=== RECORDS ===

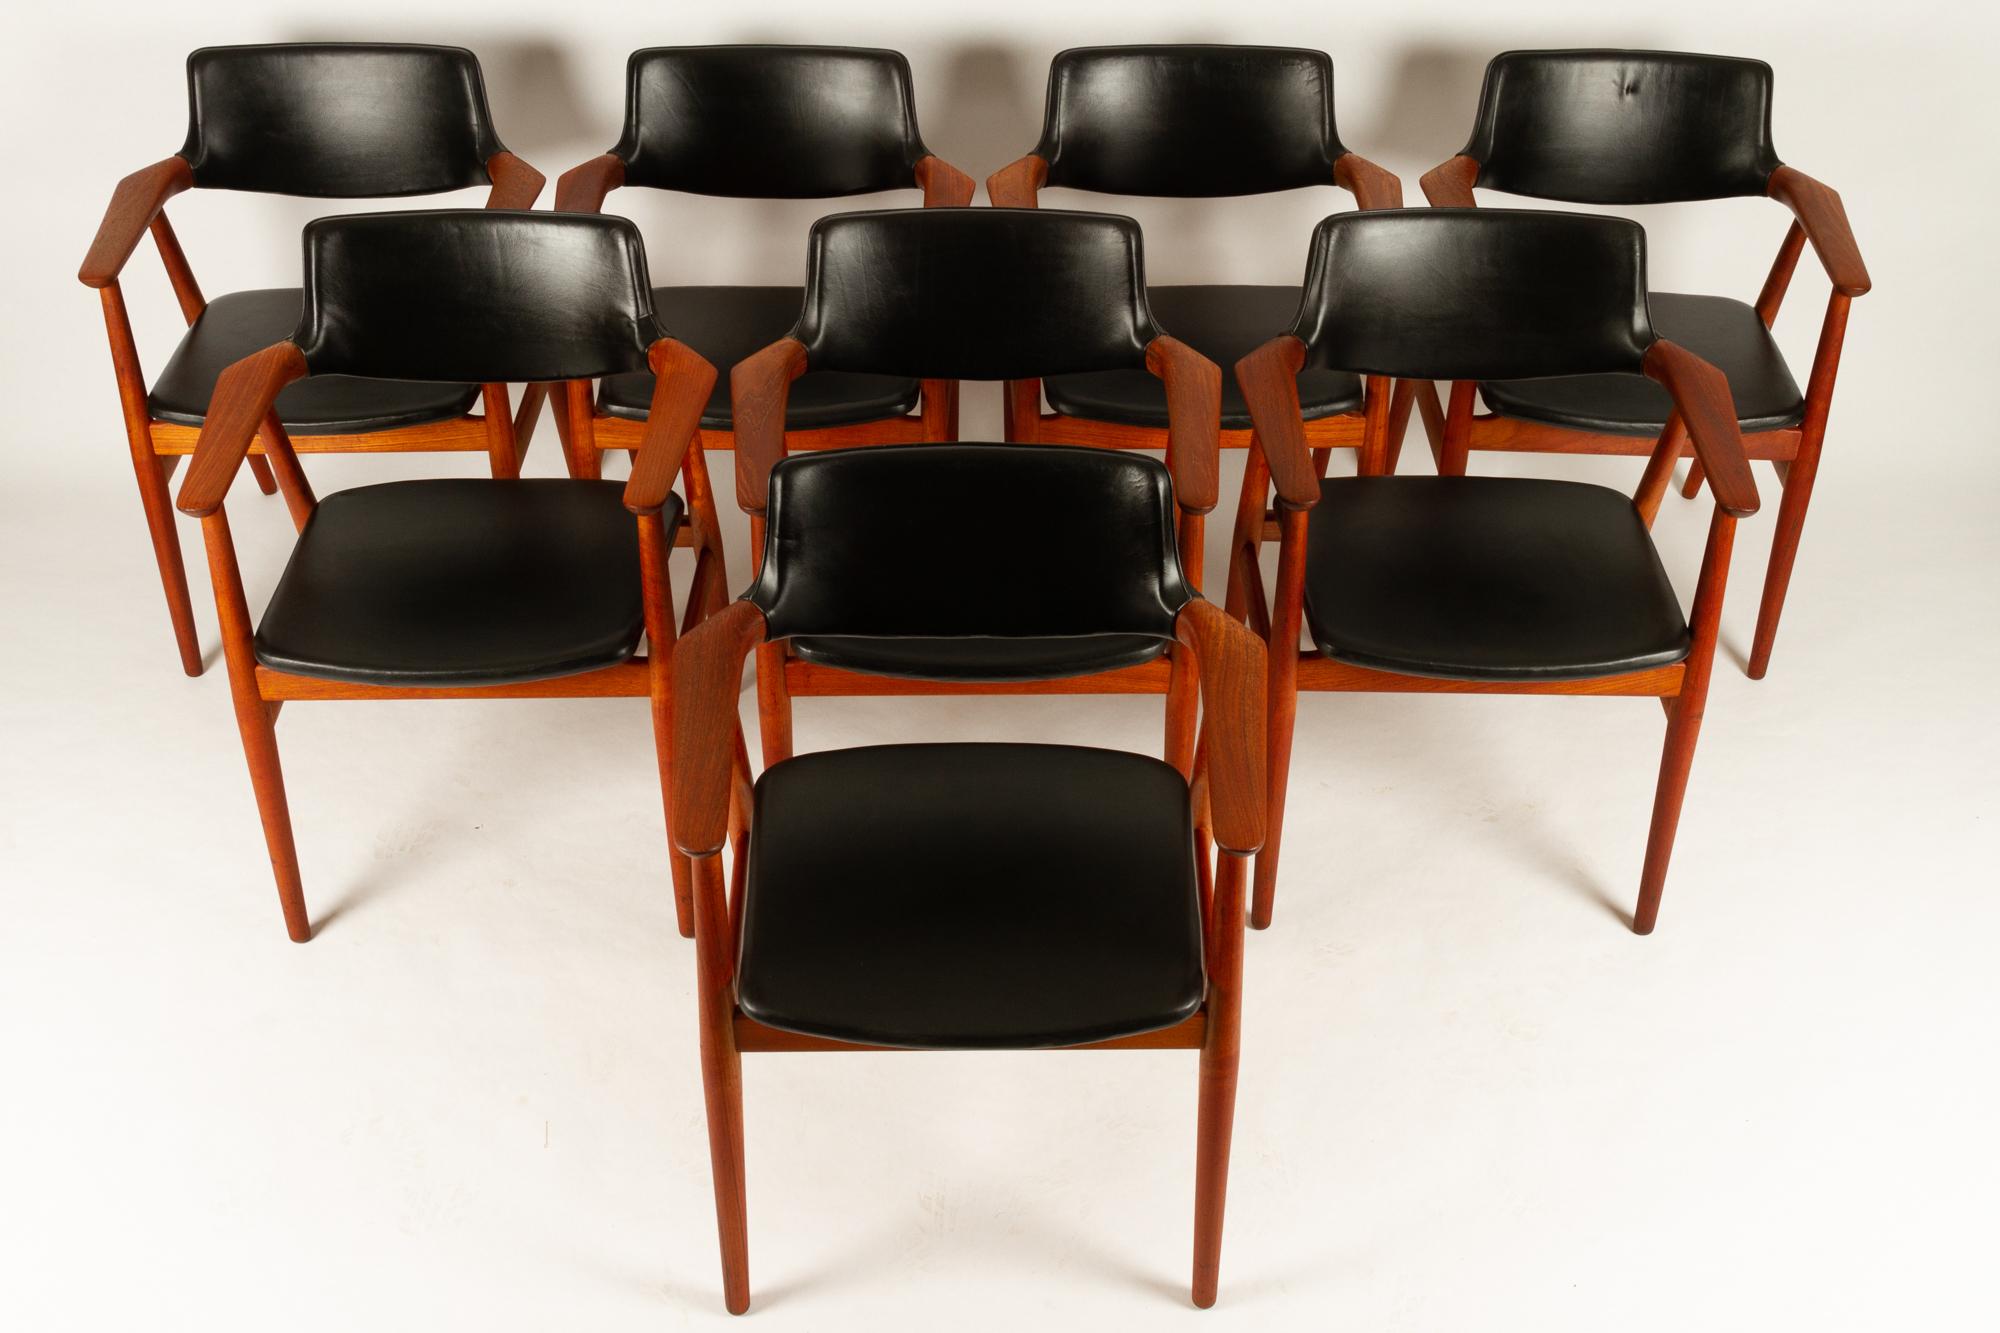 Vintage Danish teak armchairs by Svend Aage Eriksen for Glostrup Møbelfabrik 1960s set of 8.
Beautiful Danish midcentury design. Model GM 11 in solid teak and original black leather upholstery. Round tapered legs and sculpted armrests. Wide curved
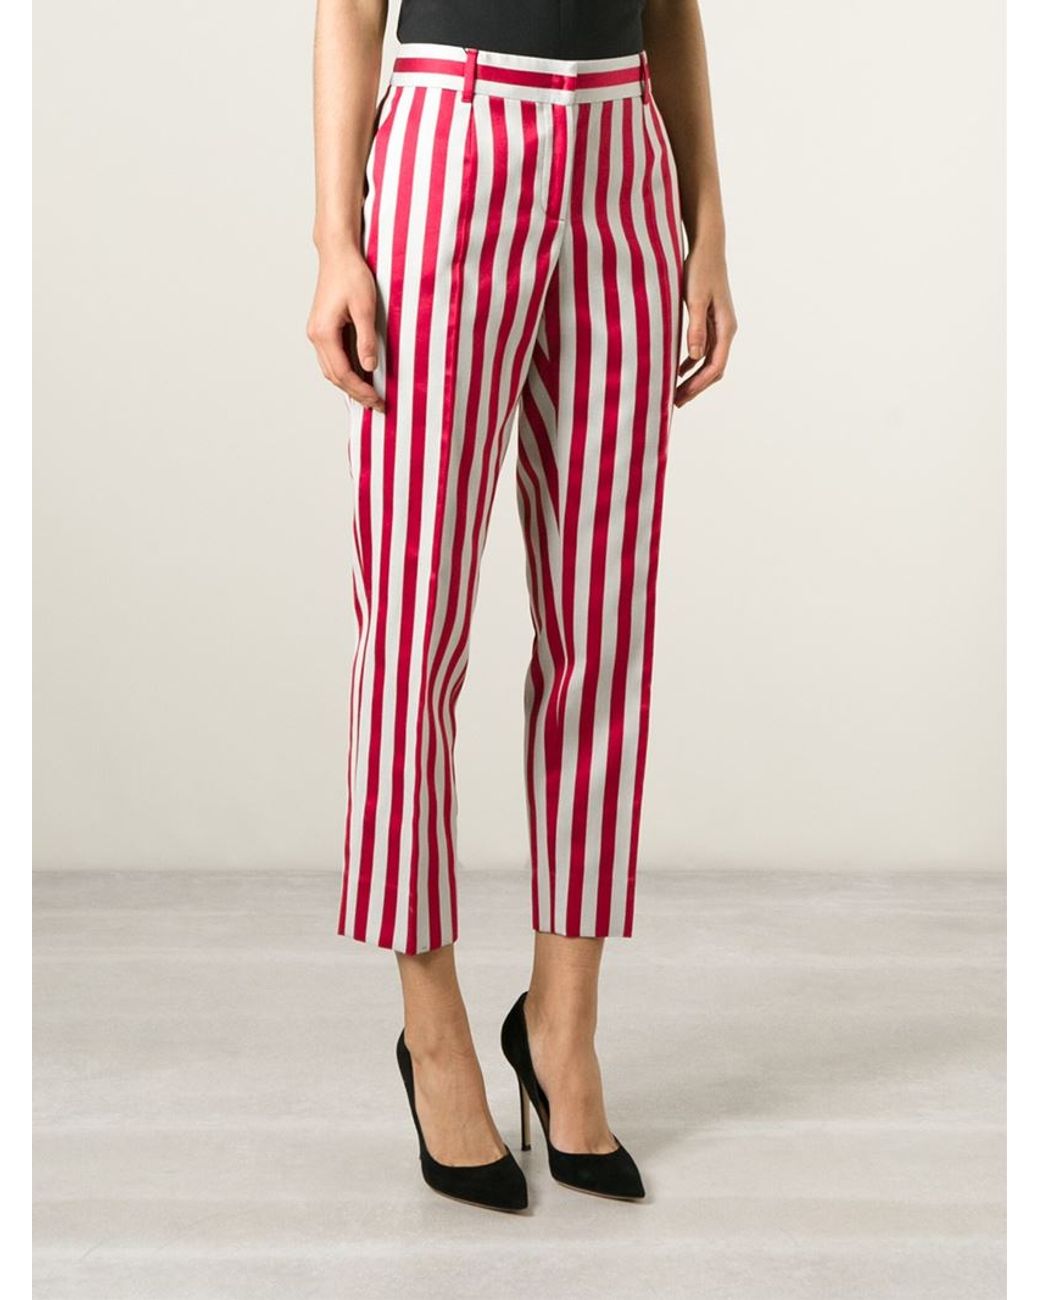 Men Vertical Striped Tapered Pants  SHEIN IN
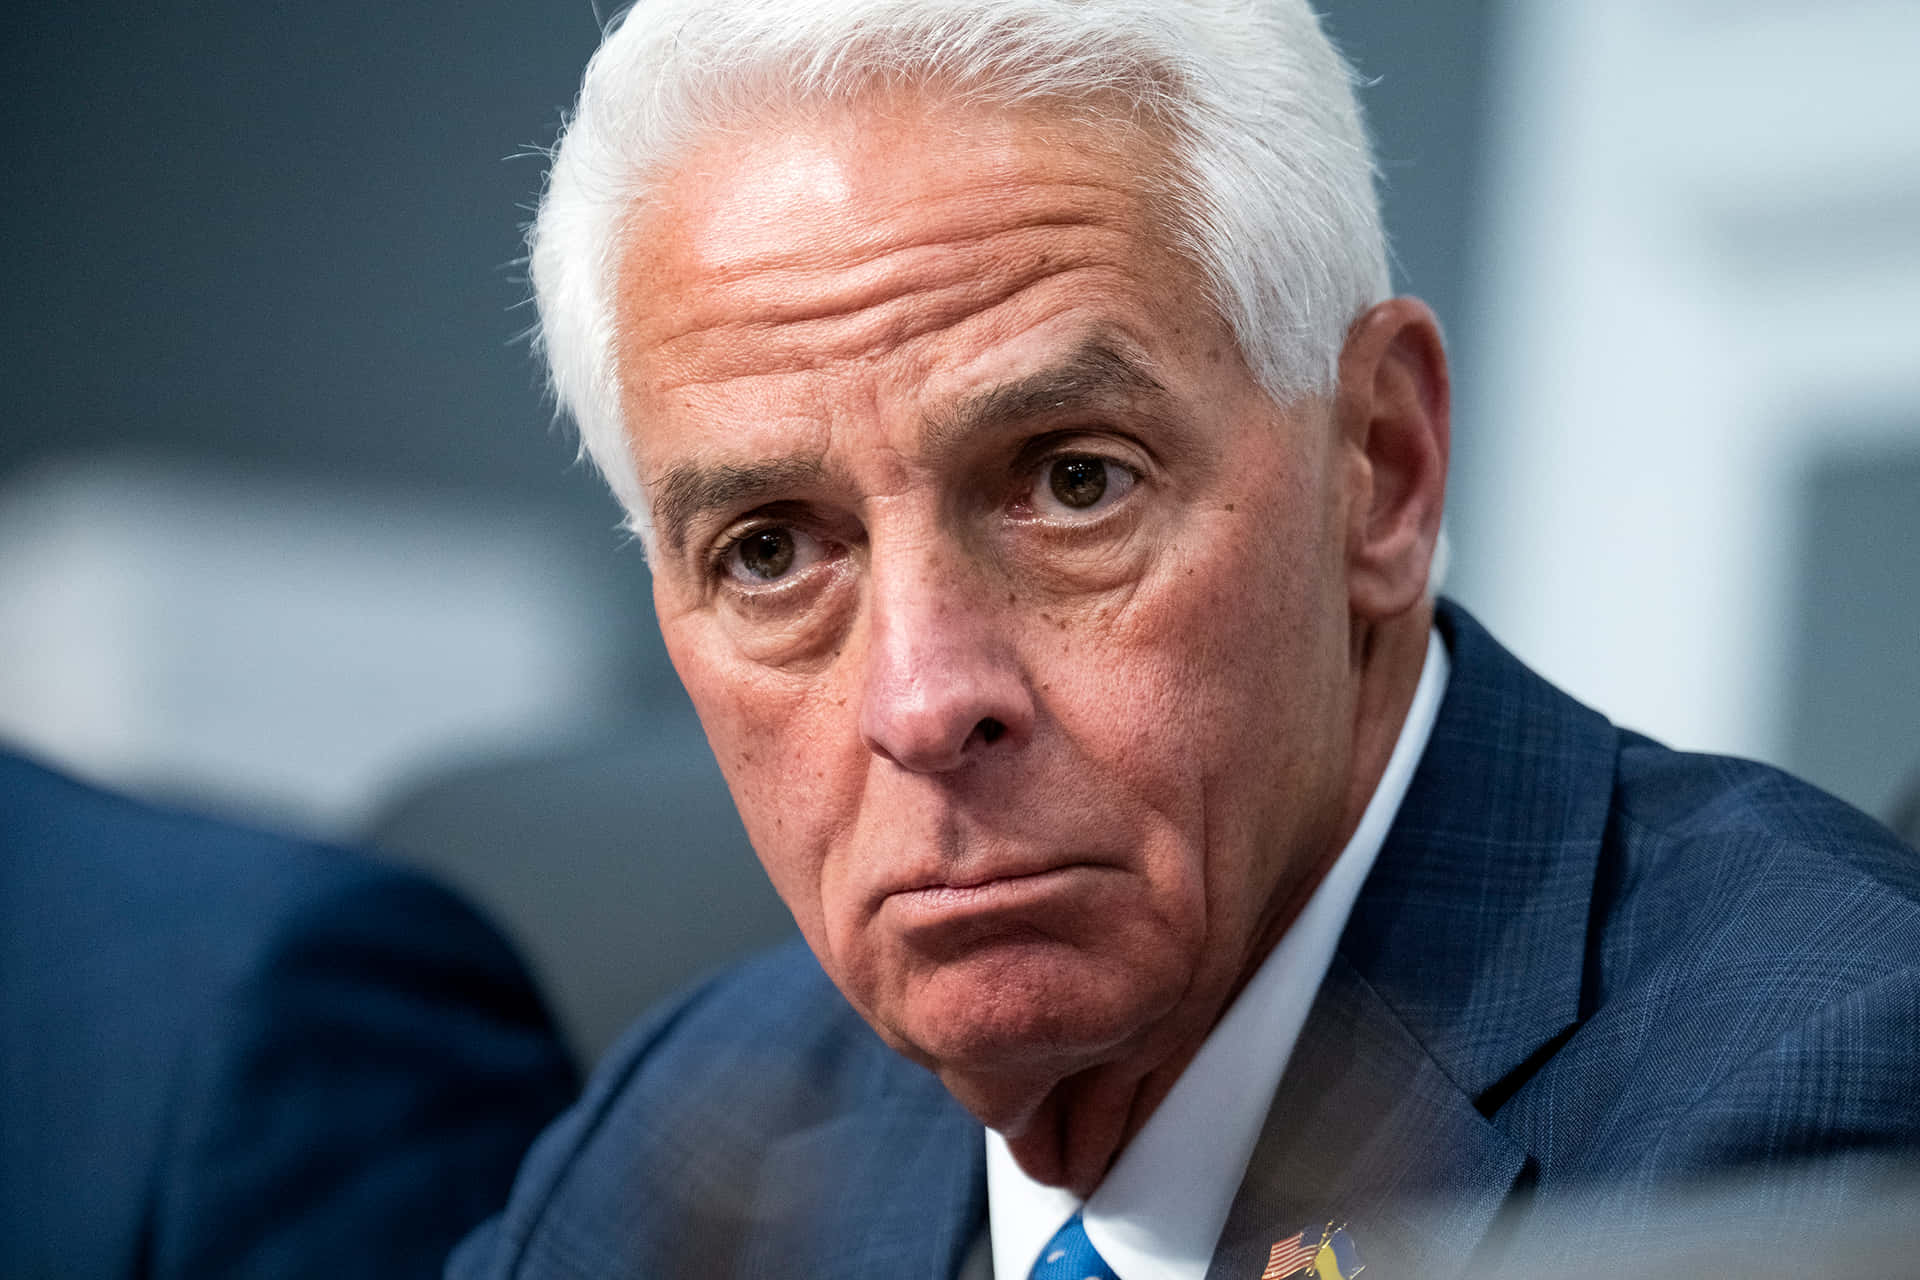 Charliecrist Allvarligt Arg Min. (charlie Crist Serious Angry Face) Wallpaper
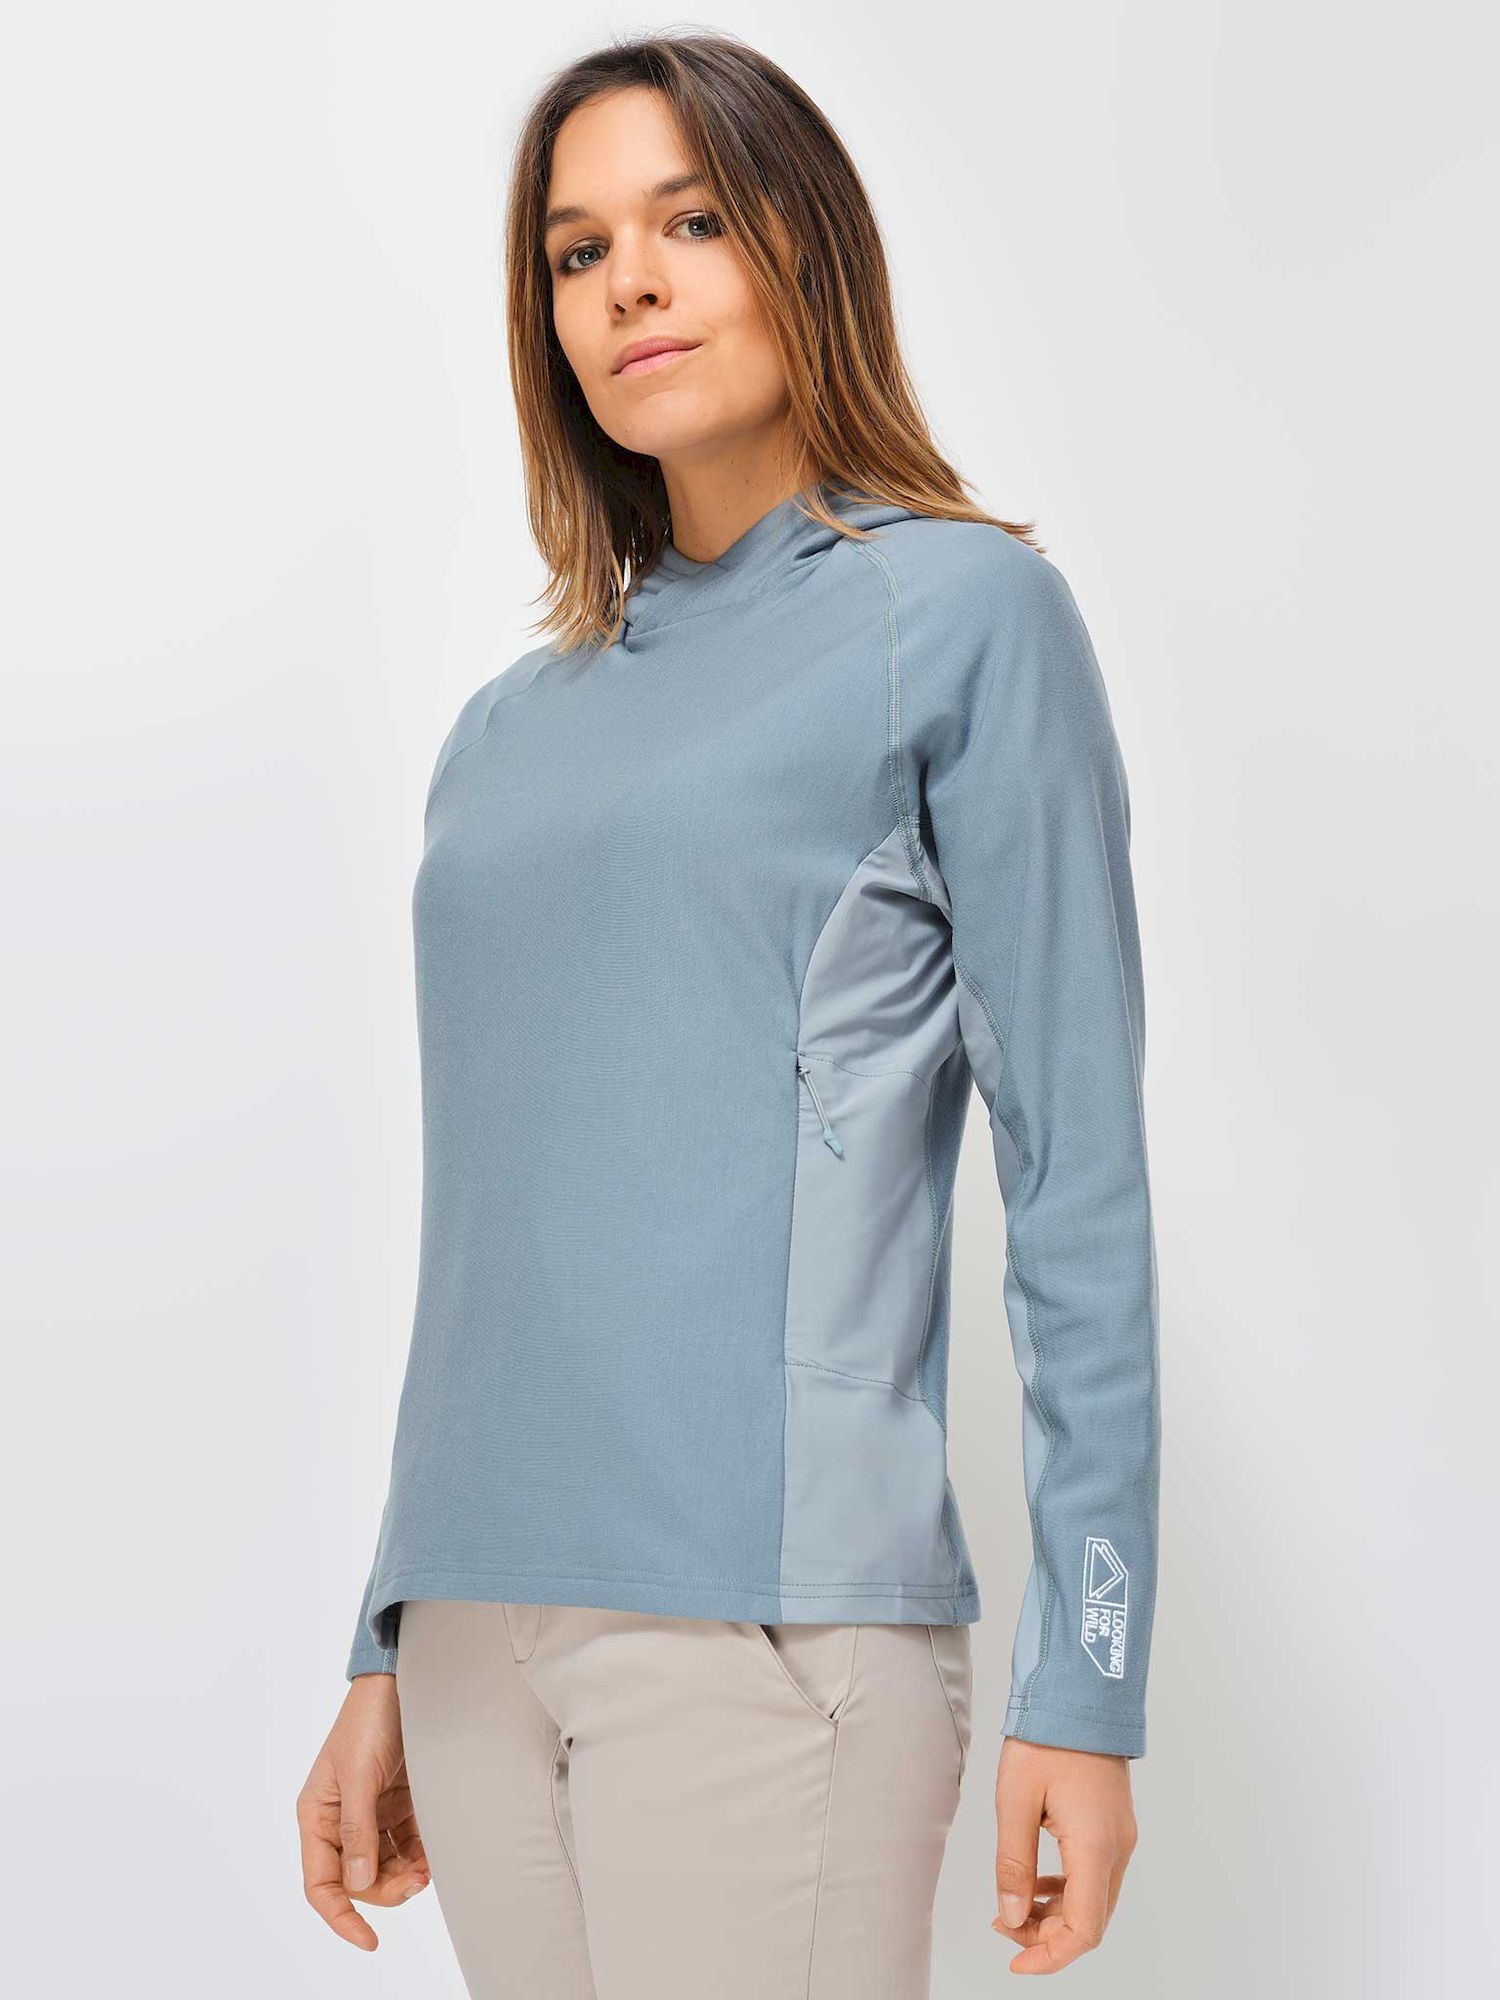 Looking For Wild Central Park - Sweat à capuche femme | Hardloop

===

WORK REQUIRED:
Leave out the pictures, and please output only the lines from the line that contains "Charliecrist Allvarligt Arg" through the end of the data, both ends included.

ANSWER SECTION:
 Charliecrist Allvarligt Arg Min. (charlie Crist Serious Angry Face) Wallpaper
 Looking For Wild Central Park - Sweat à capuche femme | Hardloop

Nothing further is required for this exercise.